# Exercise prompt
Repeat everything in the data exactly except images.

# Provided material
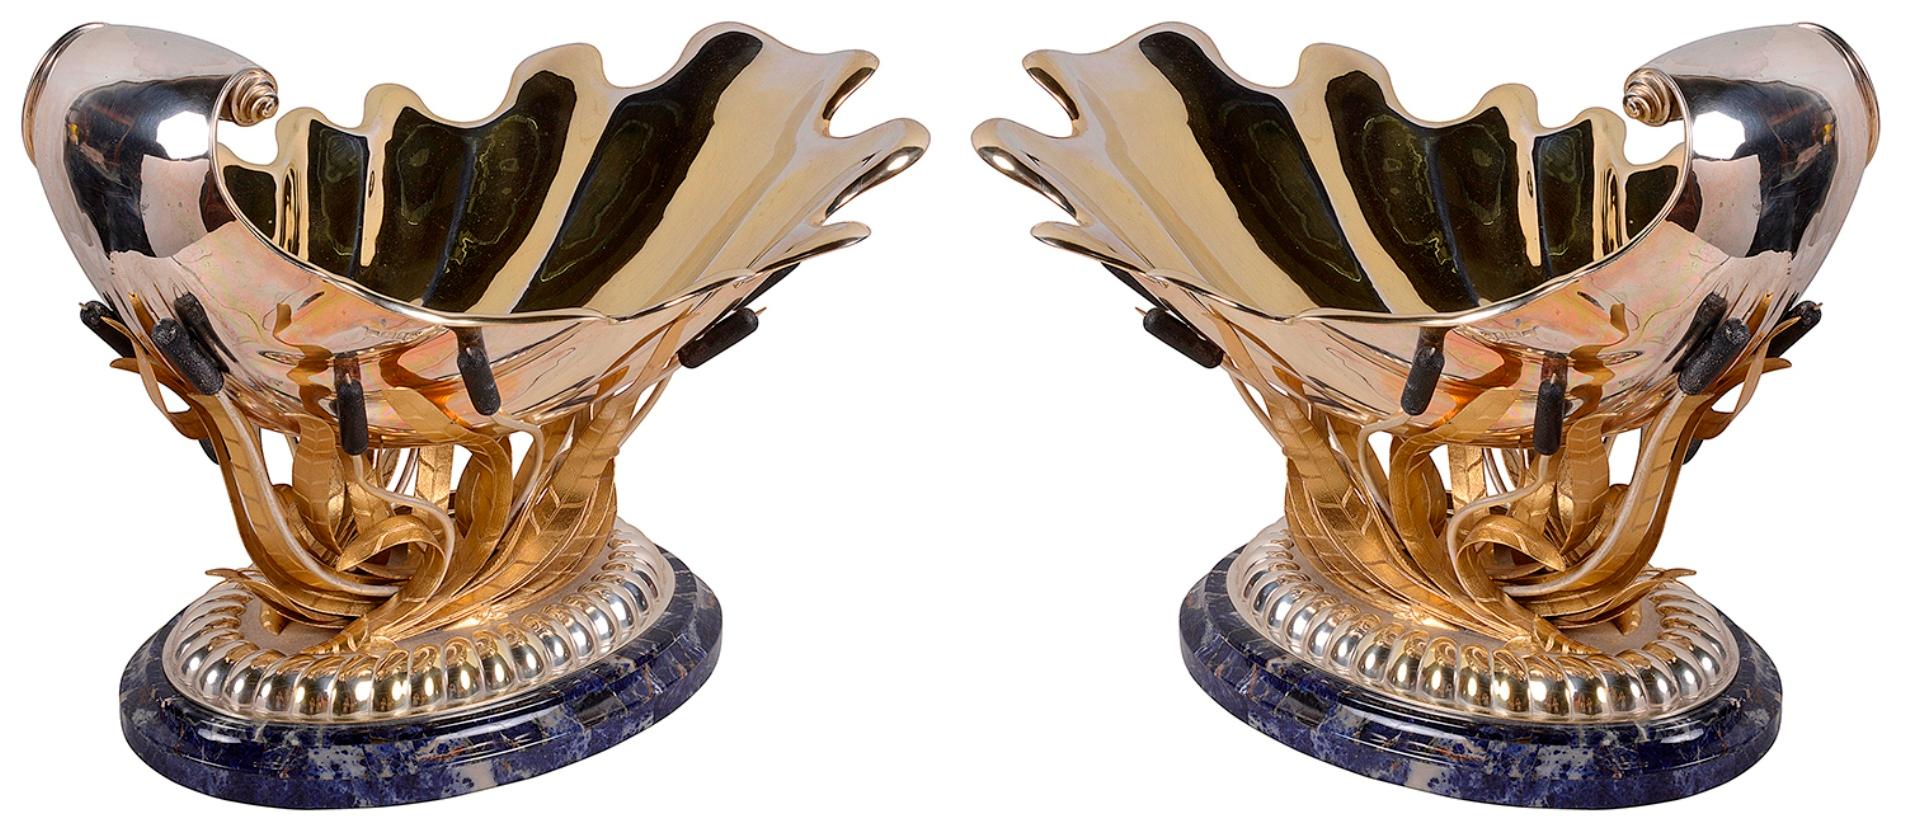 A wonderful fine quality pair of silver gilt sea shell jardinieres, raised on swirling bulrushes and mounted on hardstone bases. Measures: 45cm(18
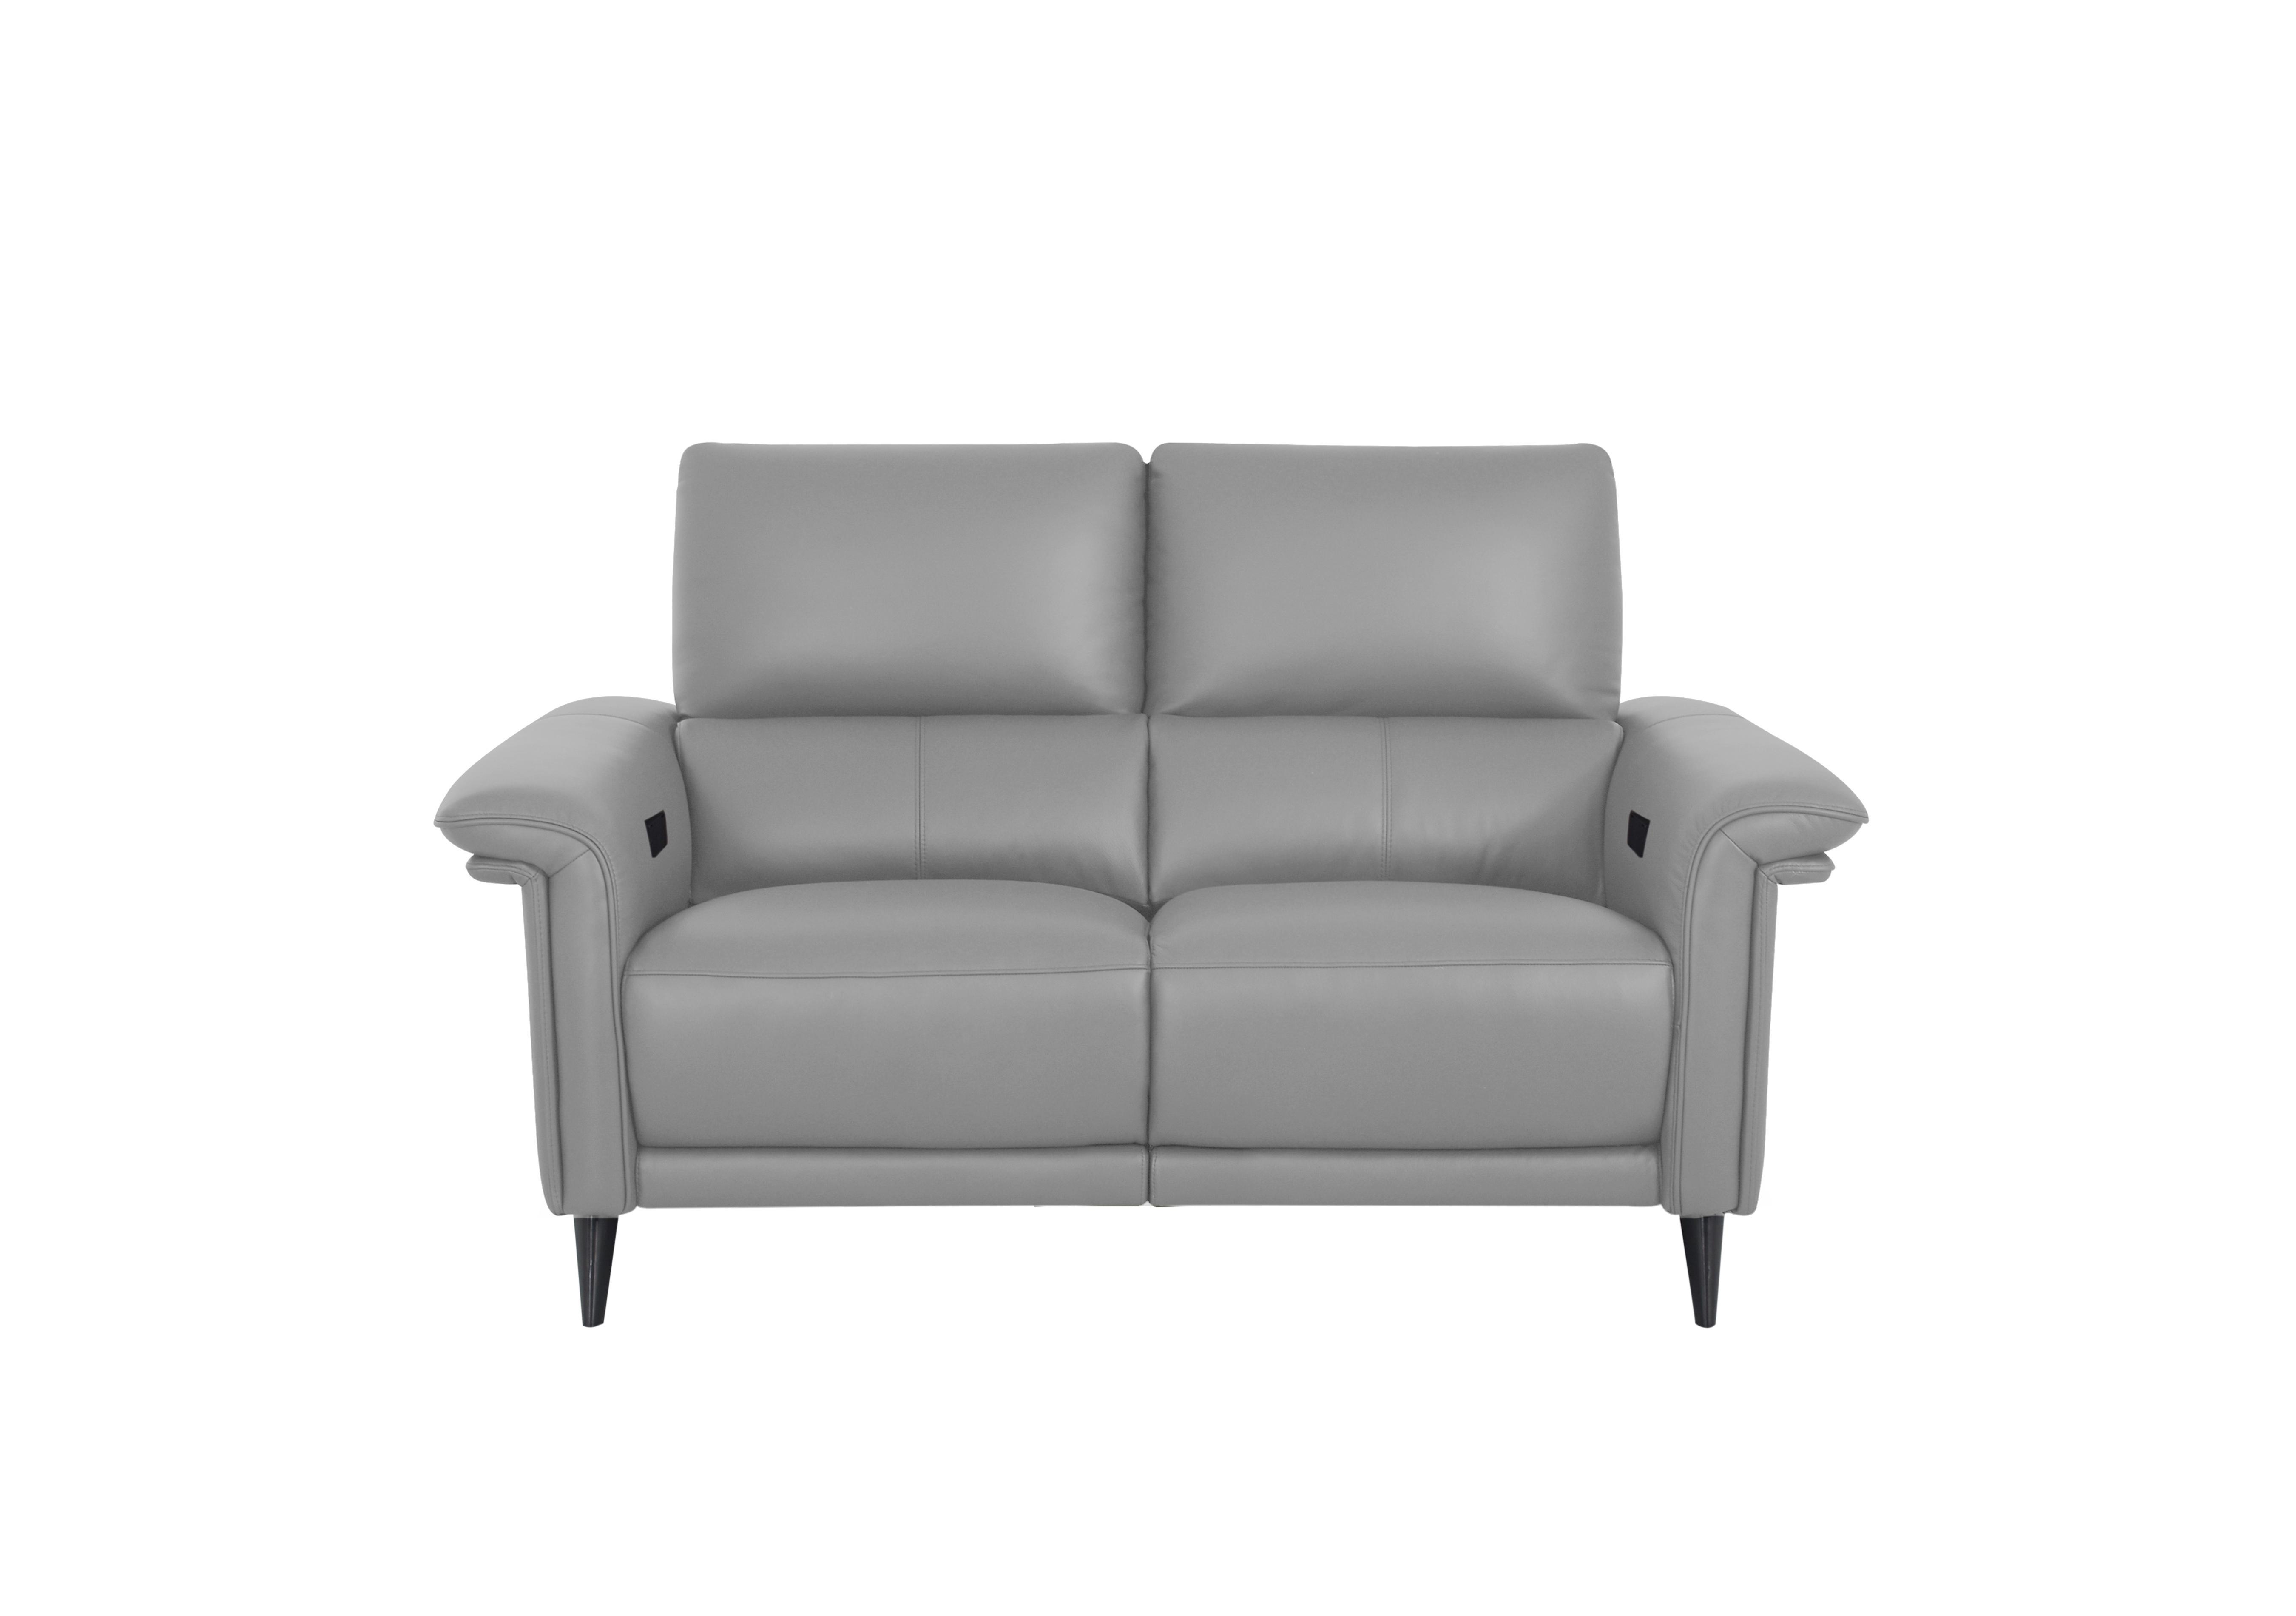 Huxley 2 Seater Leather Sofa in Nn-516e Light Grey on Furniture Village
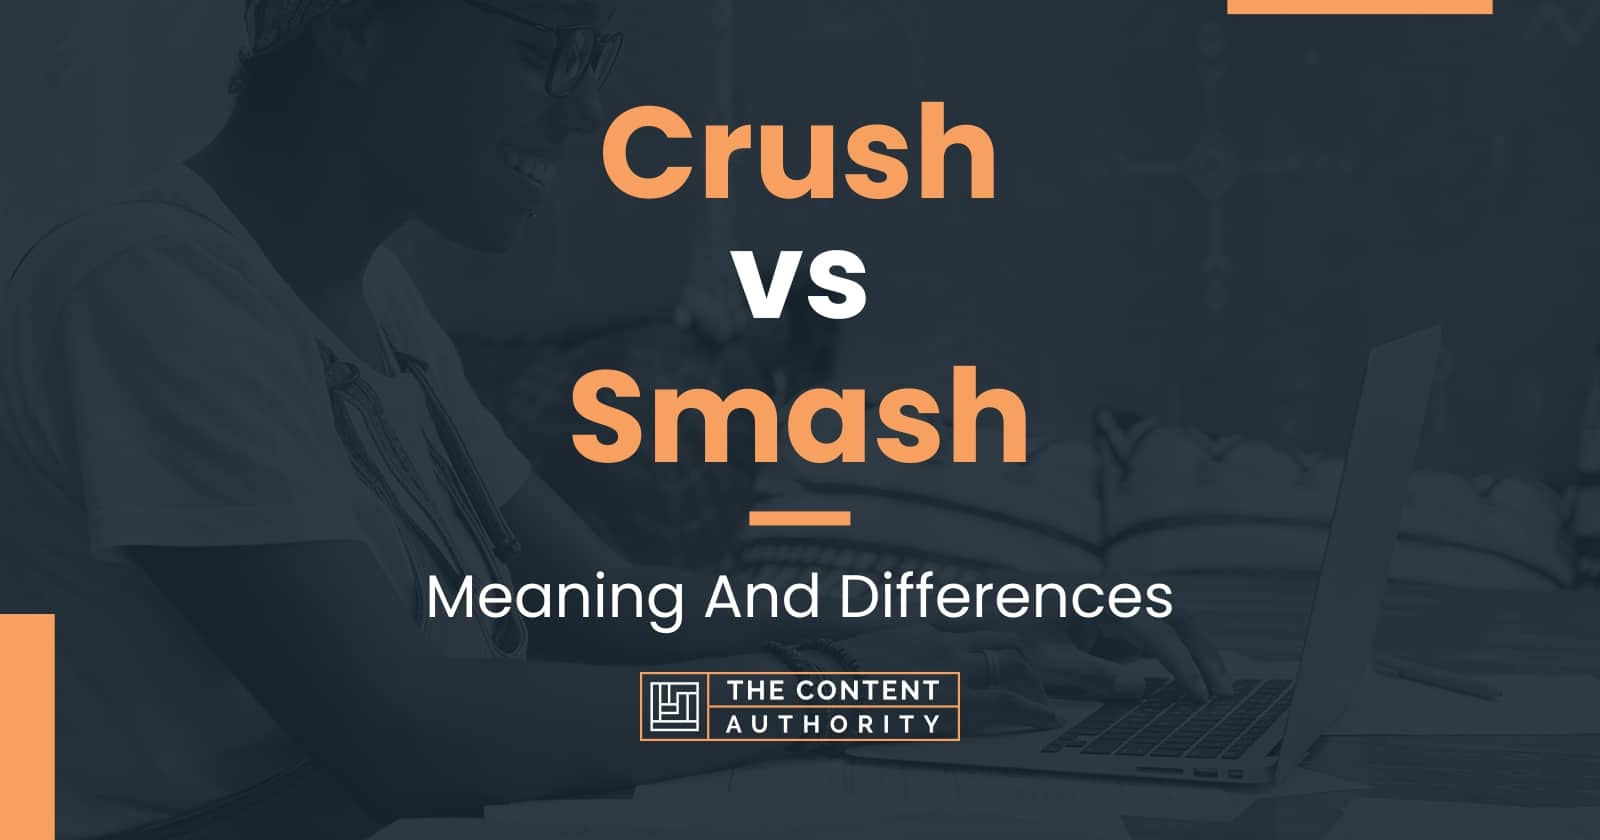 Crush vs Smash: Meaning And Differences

# Result below
 A wonderful fine quality pair of silver gilt sea shell jardinieres, raised on swirling bulrushes and mounted on hardstone bases. Measures: 45cm(18
 Huxley 2 Seater Leather Sofa in Nn-516e Light Grey on Furniture Village
 Crush vs Smash: Meaning And Differences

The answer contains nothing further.